Временами я и сам не могу, а иногда это кажется вполне правдоподобным. Яэль из тех, кто отрежет себе руку, если это потребуется для того, чтобы сбежать. Она и раньше так делала.
Ребята смотрят на меня со странным состраданием на лицах, от которого я отвык за два года анонимной жизни.
– Так значит, сегодня Голландия – Турция… – начинаю я.
Все снова смотрят на меня, потом кивают.
– Надеюсь, в этот раз у нас дела пойдут получше, – продолжаю я. – На Чемпионате Европы все было так печально, что я не знаю, больше мне такого не вынести. Шнайдер… – Я качаю головой.

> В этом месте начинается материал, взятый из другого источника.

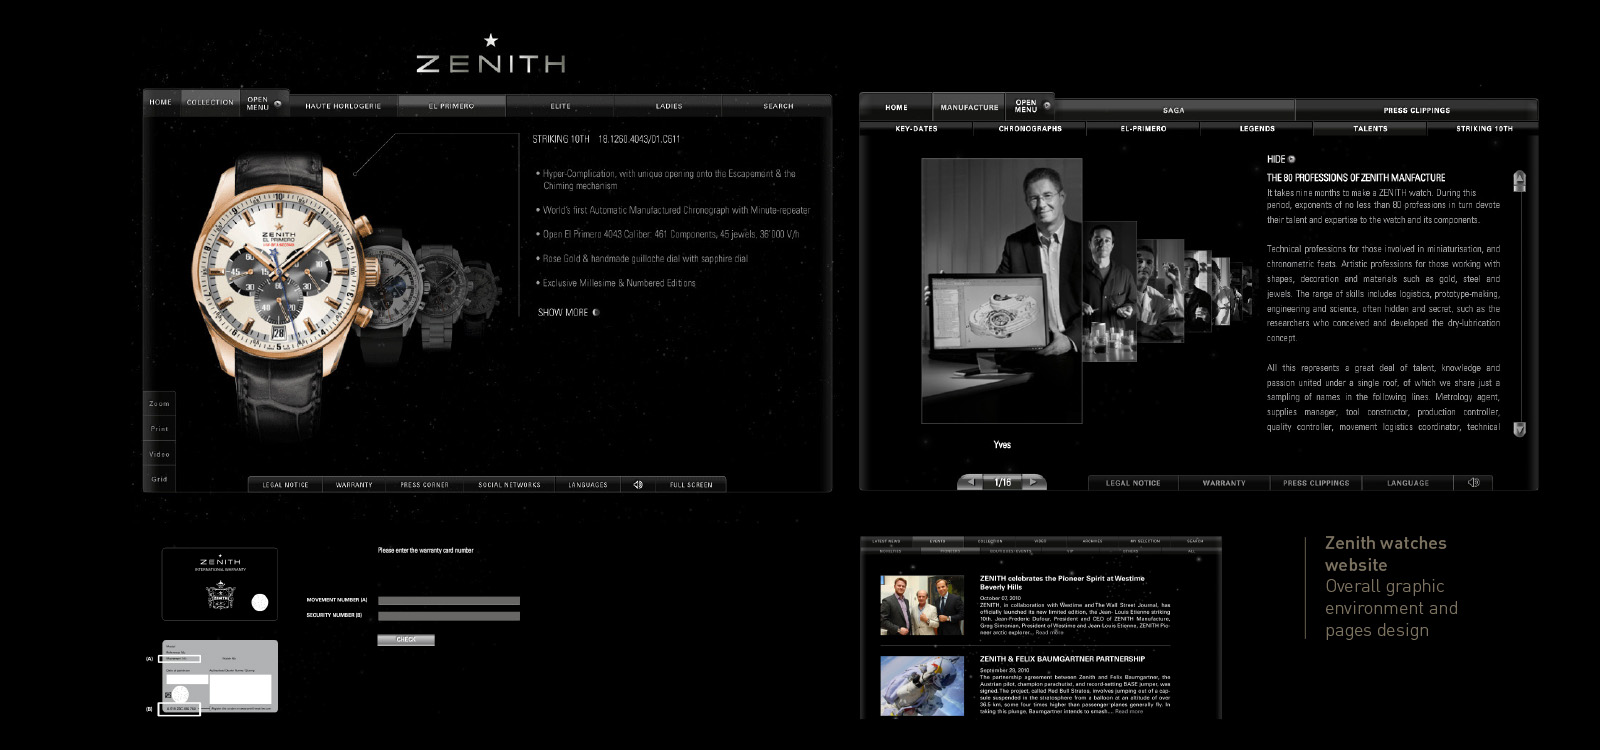 Zenith Watches website by Lionel Portier
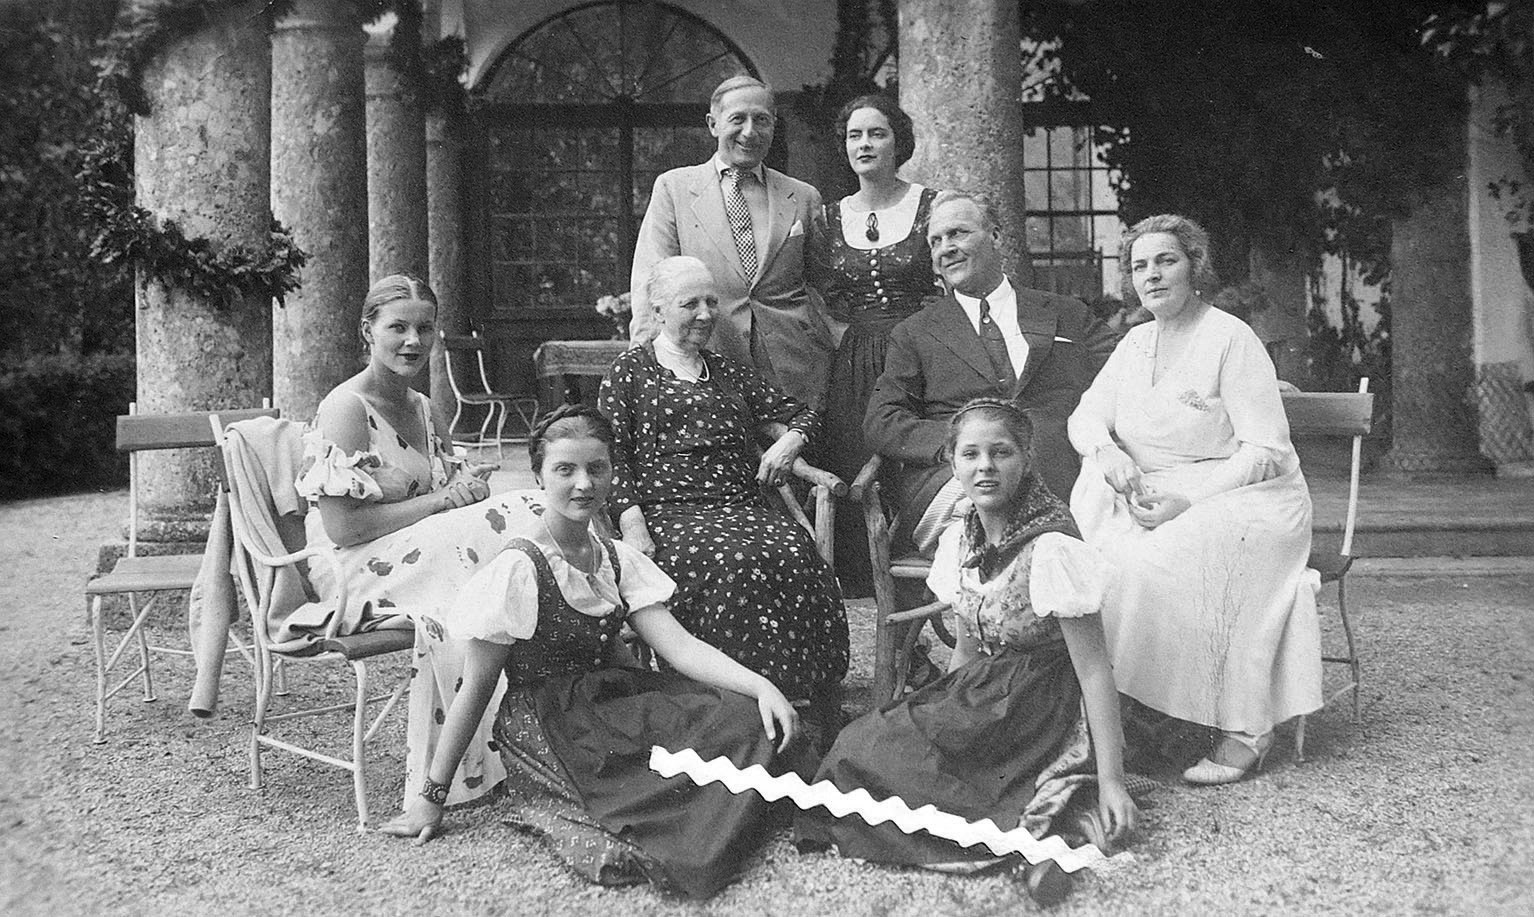 La familia de Shaliapin. Tirol. Kitzbuehel. 1934

Хенк первый заглатывает наживку.
– Ты что, шутишь? Шнайдер – единственный нормальный бомбардир!
– Нет! – перебивает Брудье. – Ван Перси такой красивый гол немцам забил.
Тут встревает Вау со своим математическим подходом и несет что-то насчет того, что подобный спад и паршивая игра в прошлом году гарантируют улучшение в этом, что падать уже некуда, остается только двигаться вверх, и я могу расслабиться. Это универсальный язык разговоров о пустяках. В пути говоришь о поездках, про какой-нибудь неизвестный остров, дешевый хостел, ресторан с хорошими ценами. В данной ситуации – о футболе.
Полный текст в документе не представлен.